Interview with Mārcis Pinnis, the Chief AI Officer at Tilde
In this interview, we hosted Mārcis Pinnis, the Chief AI Officer of Tilde, which is an elite European language technology company based in Lithuania.
Marcis took us in the world of machine translation in digital media, voice-to-text technologies, AI assistants, and chatbots, presenting their open-source LLM TildeOpen, which includes over 30 billion parameters and is designed for Baltic and Eastern European languages. Finally, he introduced their FFplus sub-project, where the team is developing a locally deployable enterprise assistant solution that will allow organisations to transform their documents into queryable knowledge bases, ensuring complete data security and sovereignty.

Mārcis Pinnis, the Chief AI Officer of Tilde
Copyrights: Tilde
To start, could you briefly introduce Tilde?
Marcis:
Tilde is a language technology developing company. We are based in the Baltic states. We have three offices in Latvia, Lithuania and Estonia. And we developed various language technologies such as machine translation systems, speech recognition and synthesis systems and virtual assistants for a wide variety of customers, including businesses, international organizations, governments, and also individual users.
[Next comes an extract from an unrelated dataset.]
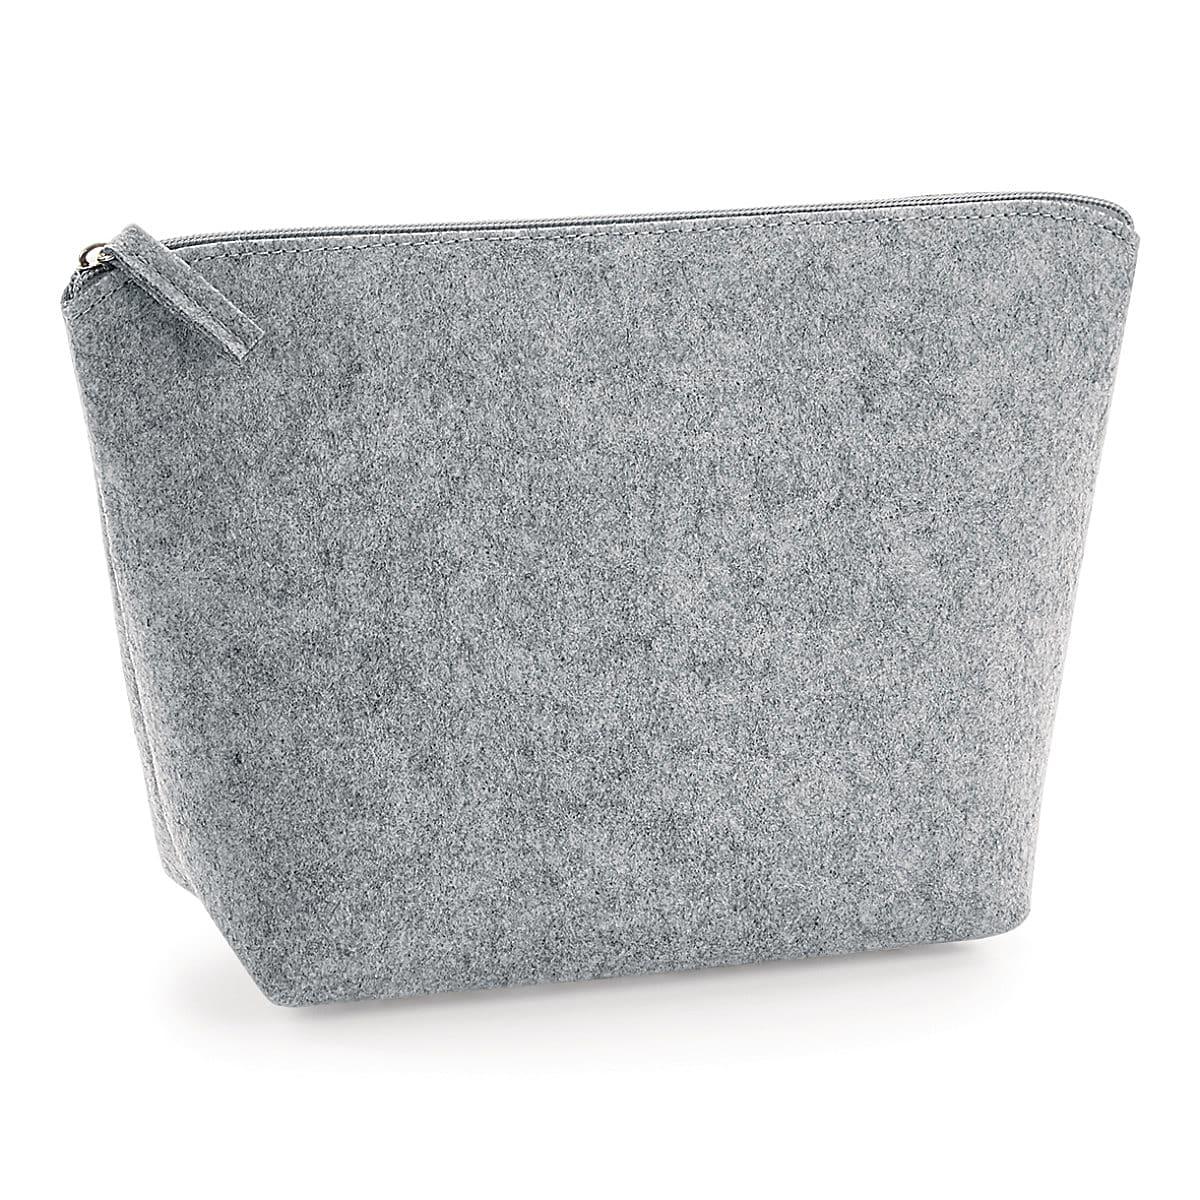 Bagbase Felt Accessory Bag in Grey Melange (Product Code: BG724)

From your perspective, what are the currently transformative trends that are changing this area? And, how are these areas covering machine learning in digital media, voice-to-text technologies, AI systems and chatbots, actually implemented?
Marcis:
This change of generations for technologies has been happening actually since the first large language models came out, by OpenAI in 2022. But it's not a very fast process. But the main trend is that large language models are taking over various tasks that typically were done by previous generation systems and artificial intelligence solutions. And this trend will continue. We'll see more and more tasks being automated using large language models. And the current trend is that large language models are becoming multimodal. They can process text, vision and also speech. And that will also continue. And in Europe, a big trend currently is that large language models that are being developed in Europe are trying to ensure language equity across all European languages, which is very important in the European Union. So languages are core values of the European Union as such.
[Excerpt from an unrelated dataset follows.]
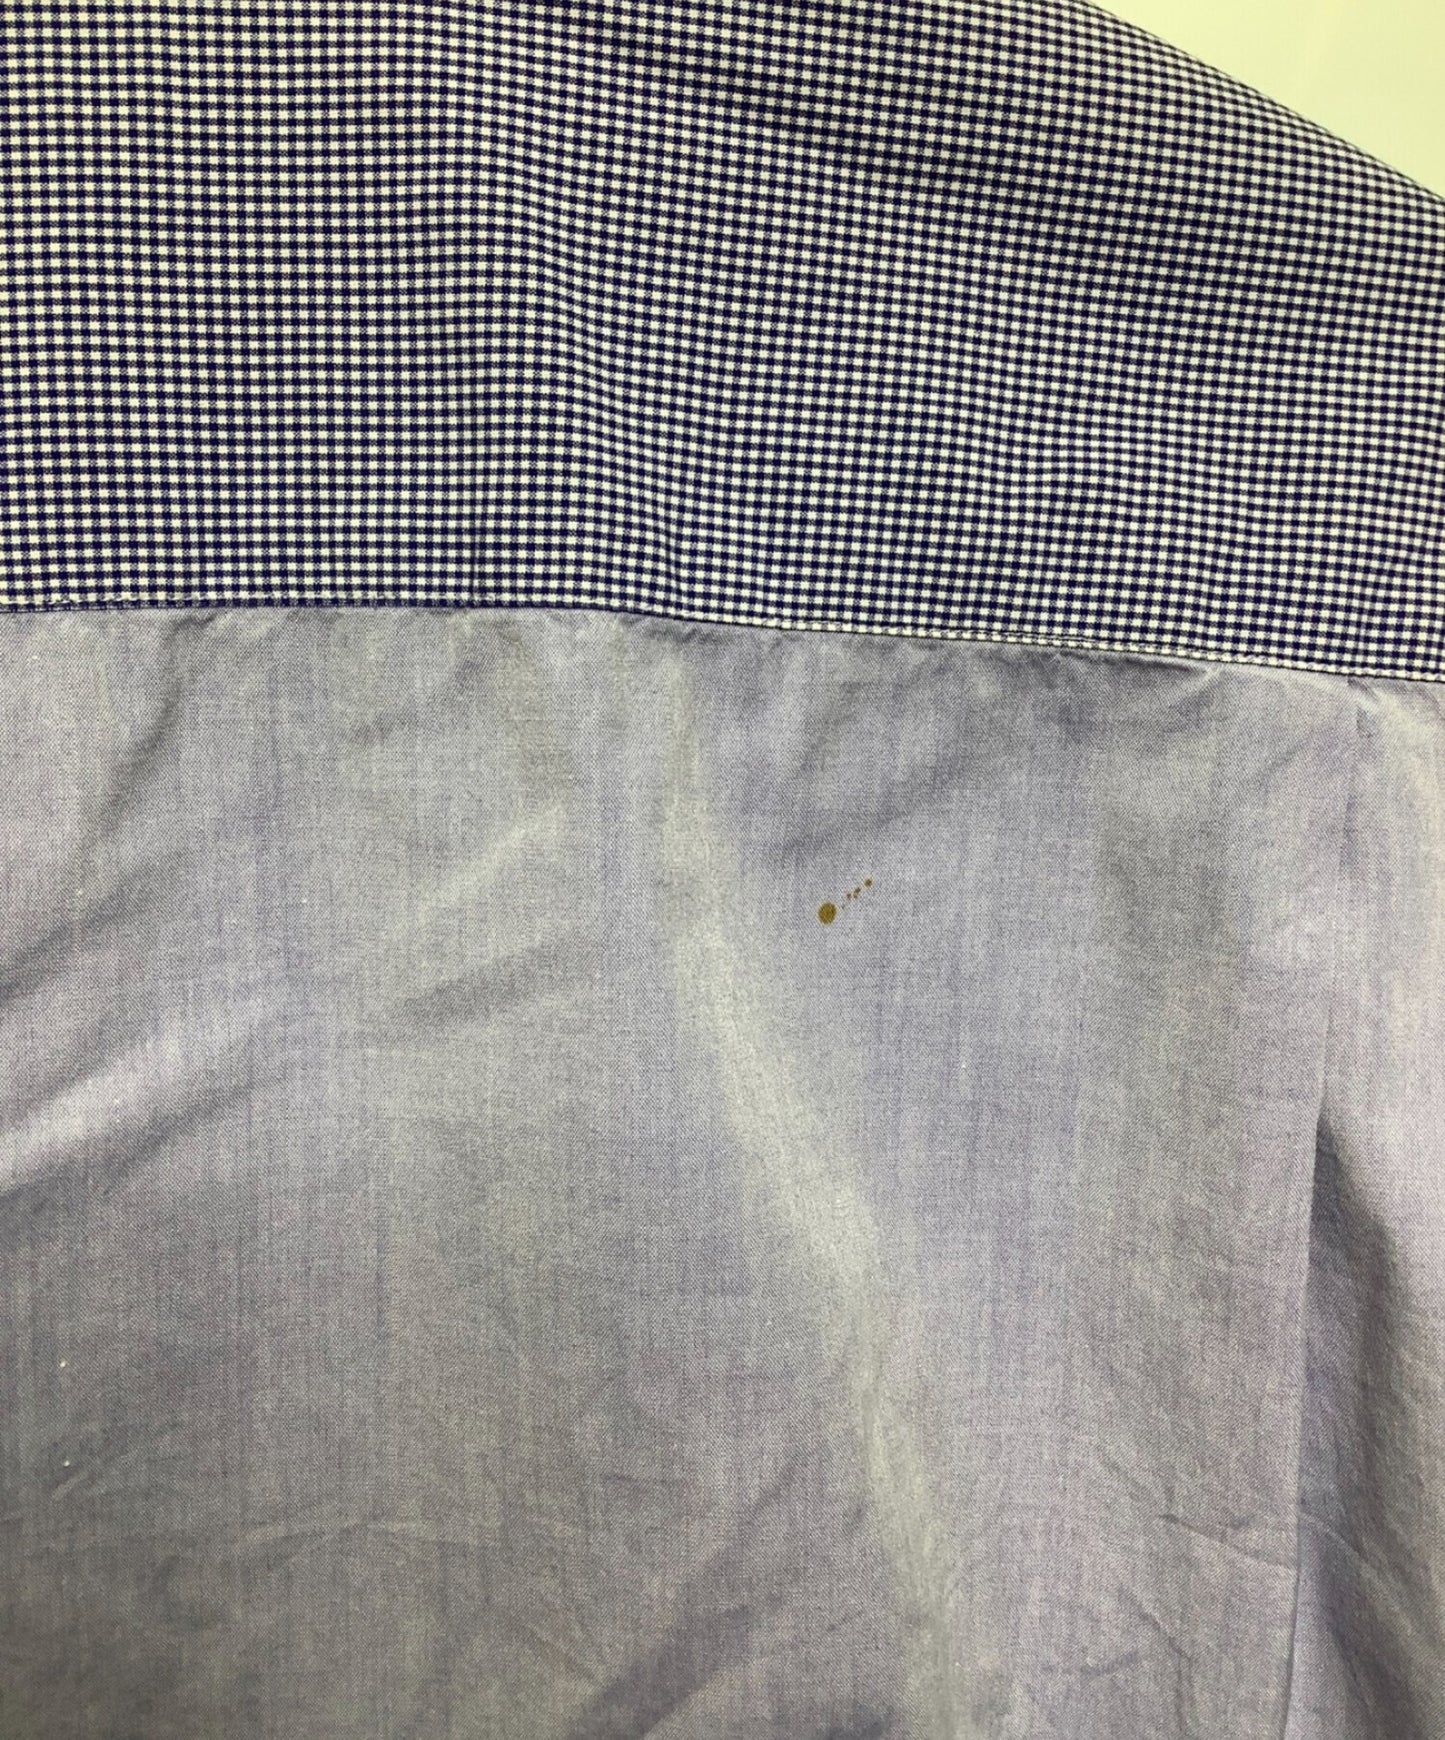 [Pre-owned] COMME des GARCONS HOMME Cotton Broad Shirt HC-B118

Tilde has been entrusted with building TildeOpen. This is an open-source, fundamental LLM with over 30 billion parameters designed for Baltic and Eastern European languages, specifically. Could you explain how generative AI is integrated into your workflows and solutions? And can you introduce some concrete examples of how your clients are using these capabilities to solve their real-world problems?
Marcis:
We are trying to integrate large language models in most of our products. For instance, in machine translation, we try to allow users to have more flexibility in terms of how to style their translations, and because large language models are more capable and have better quality that transforms into, which translates into increased productivity for customers down the line, for instance, translators have to edit less, which means cost savings typically.
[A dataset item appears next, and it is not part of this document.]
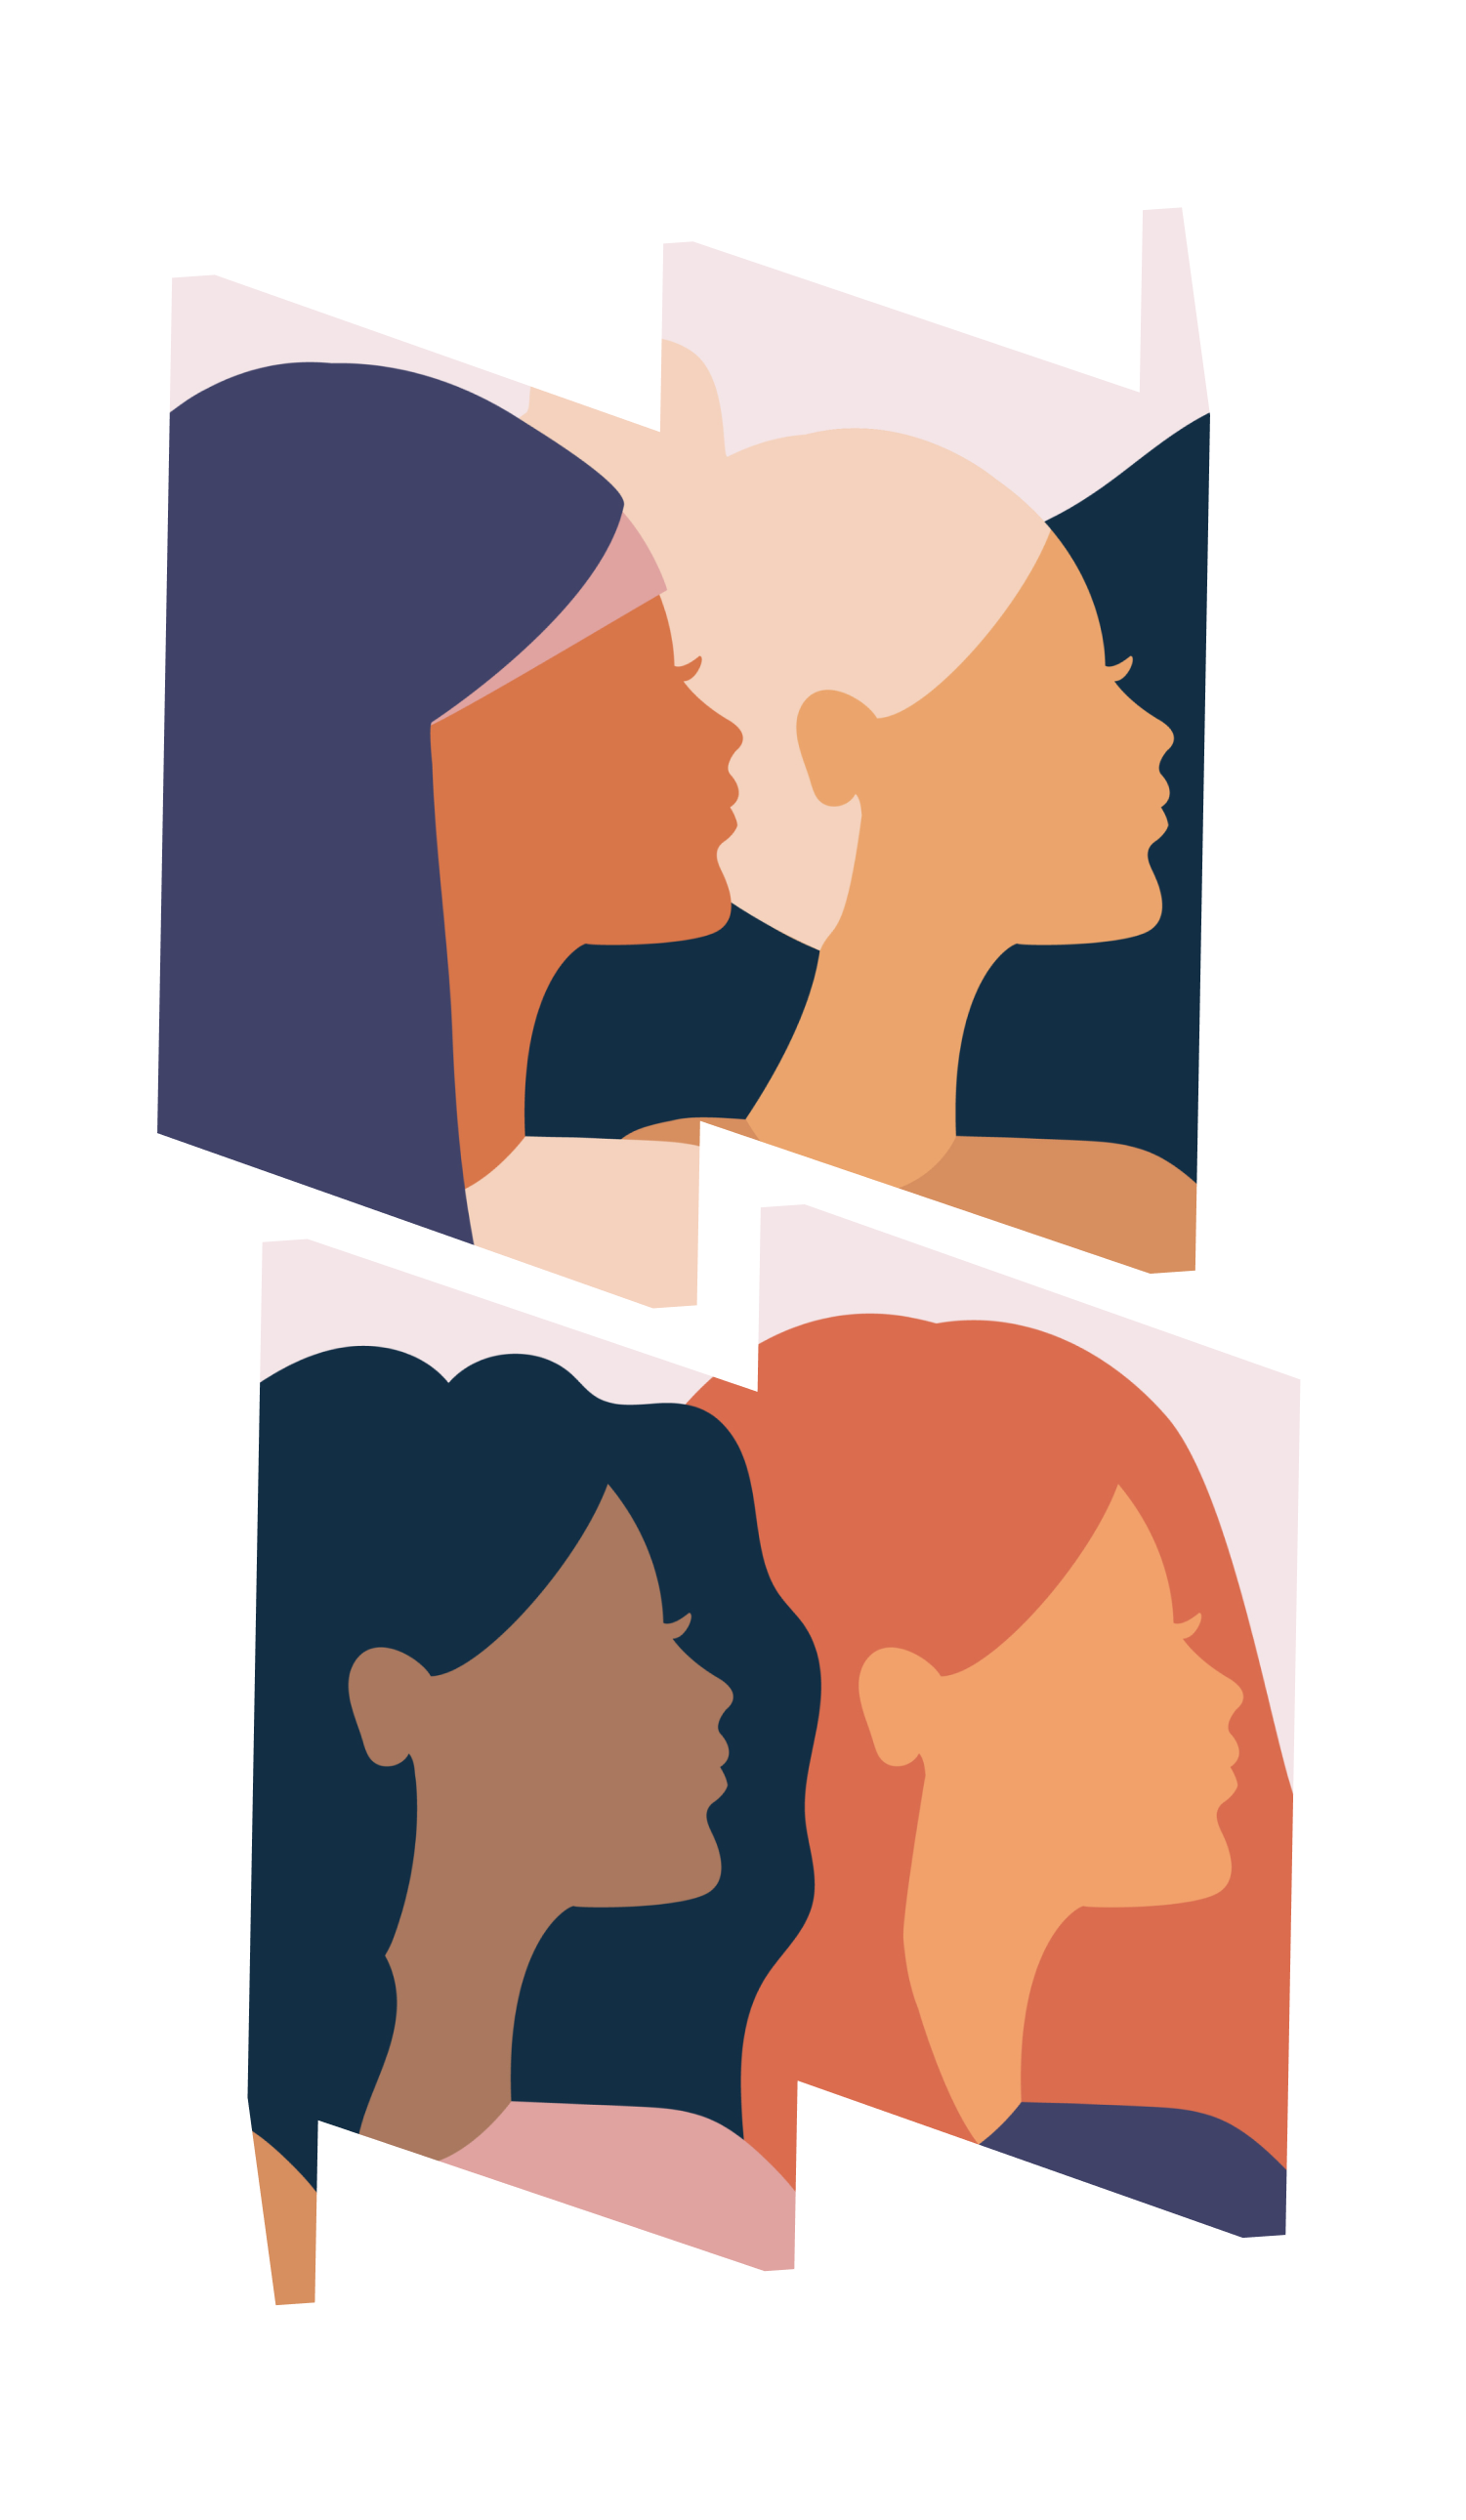 Silhouette illustration of four women in profile.

Machine translation is one example. Unlike virtual assistants, current virtual assistants use large language models to enable technology called retrieval-augmented generation, where we can quickly deploy virtual assistants by just uploading documents into the system. And when users ask questions, we first find the relevant segments from the uploaded documents and then ask a large language model to answer to that user's question.
Before that, we had to define intents. And for each intent, we had to train a model that is able to recognise that intent, and it was a much more complex process. So large language models allow us to be faster in terms of deploying technologies. So these are two examples, and there are more, obviously.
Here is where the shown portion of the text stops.